> **What the exercise asks**
Any picture must be dropped, but each line of the data should be duplicated exactly.

> **Data excerpt**
BEGIN
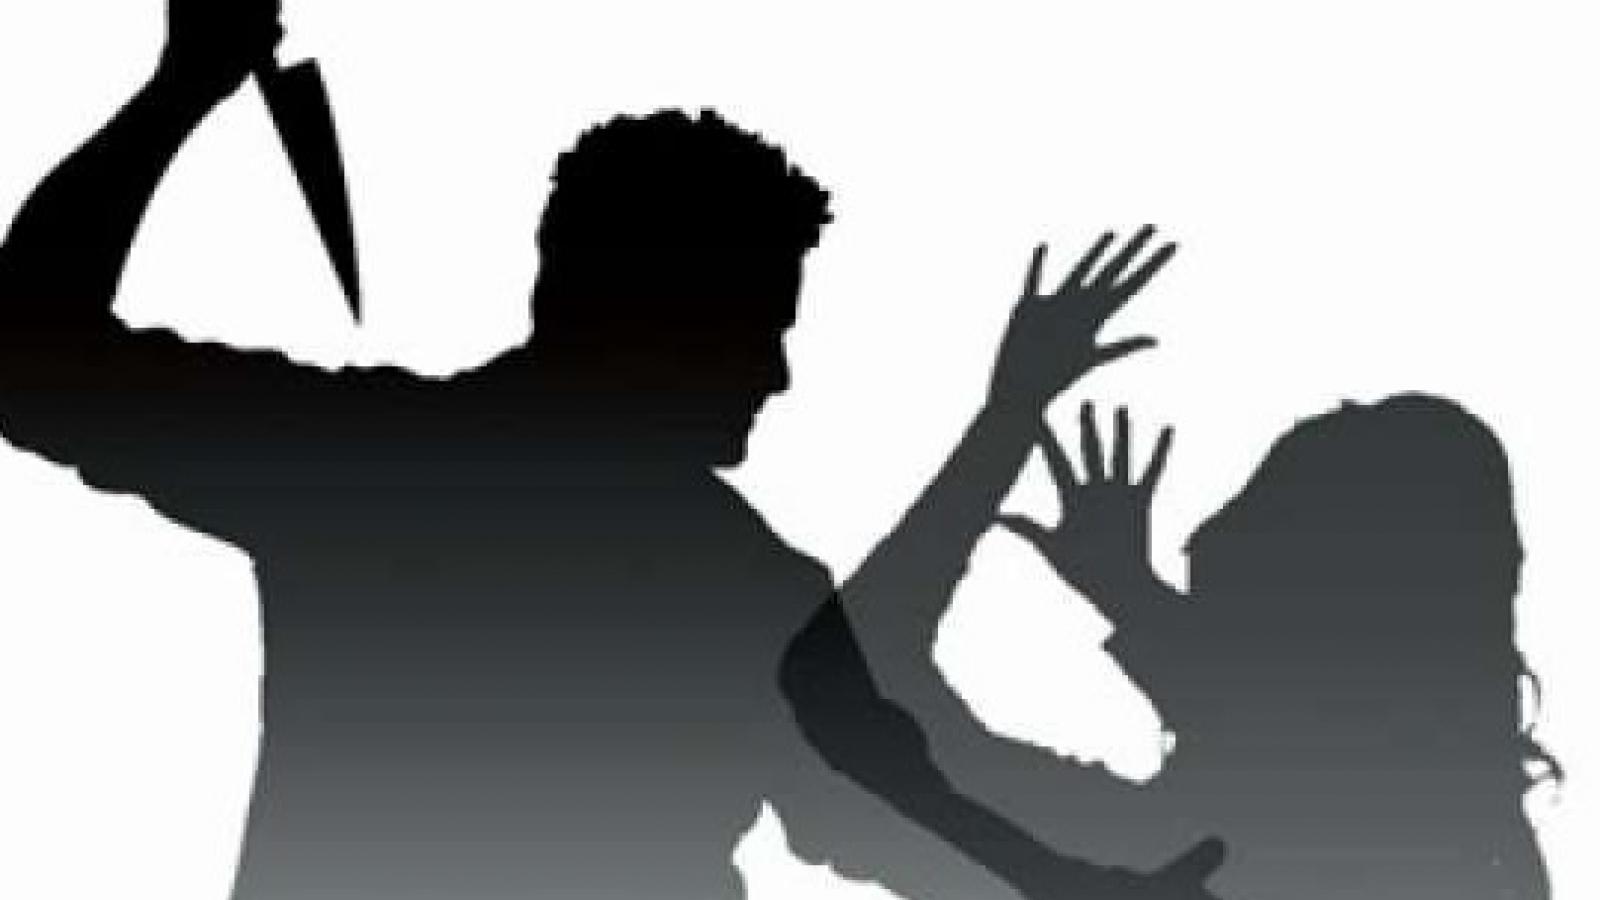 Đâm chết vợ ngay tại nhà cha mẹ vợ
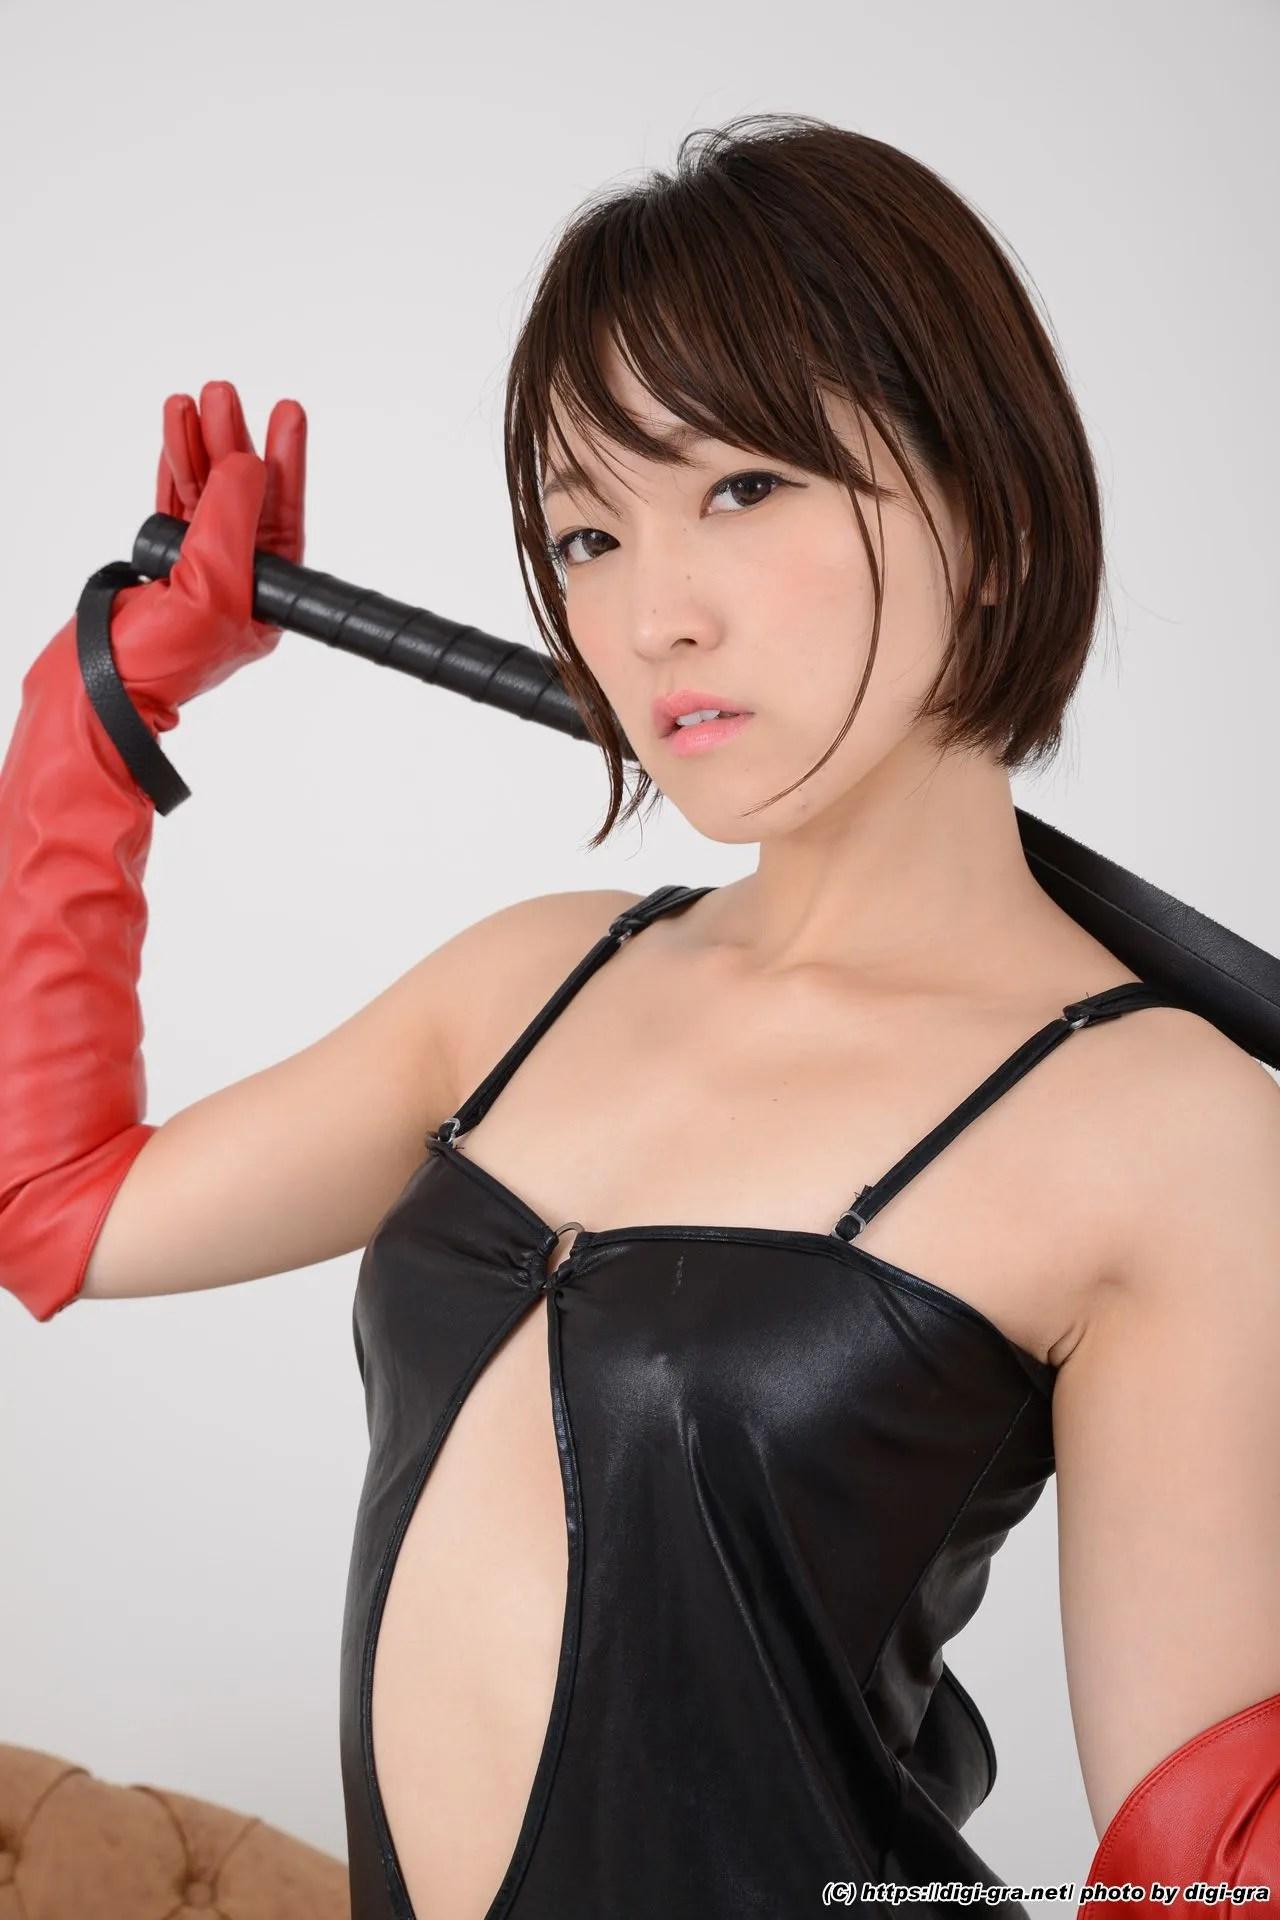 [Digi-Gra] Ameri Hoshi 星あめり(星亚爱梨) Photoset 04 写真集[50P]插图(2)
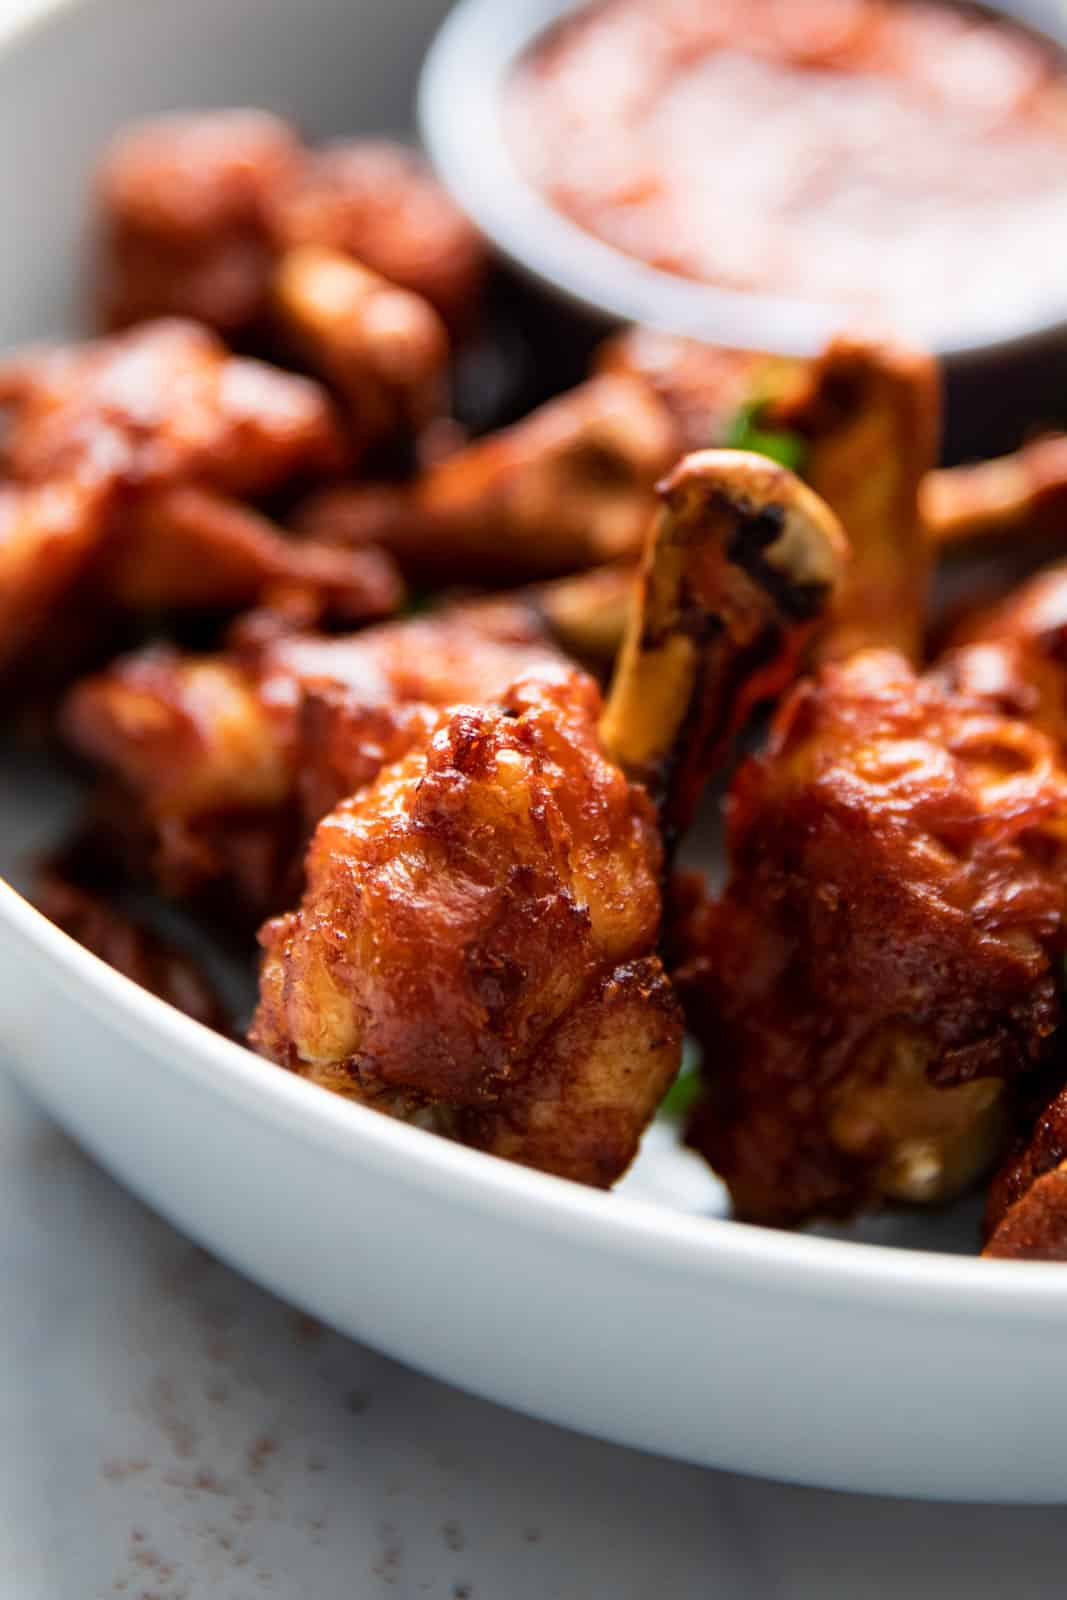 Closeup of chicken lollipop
END
> **Exercise solution**
 Đâm chết vợ ngay tại nhà cha mẹ vợ
 [Digi-Gra] Ameri Hoshi 星あめり(星亚爱梨) Photoset 04 写真集[50P]插图(2)
 Closeup of chicken lollipop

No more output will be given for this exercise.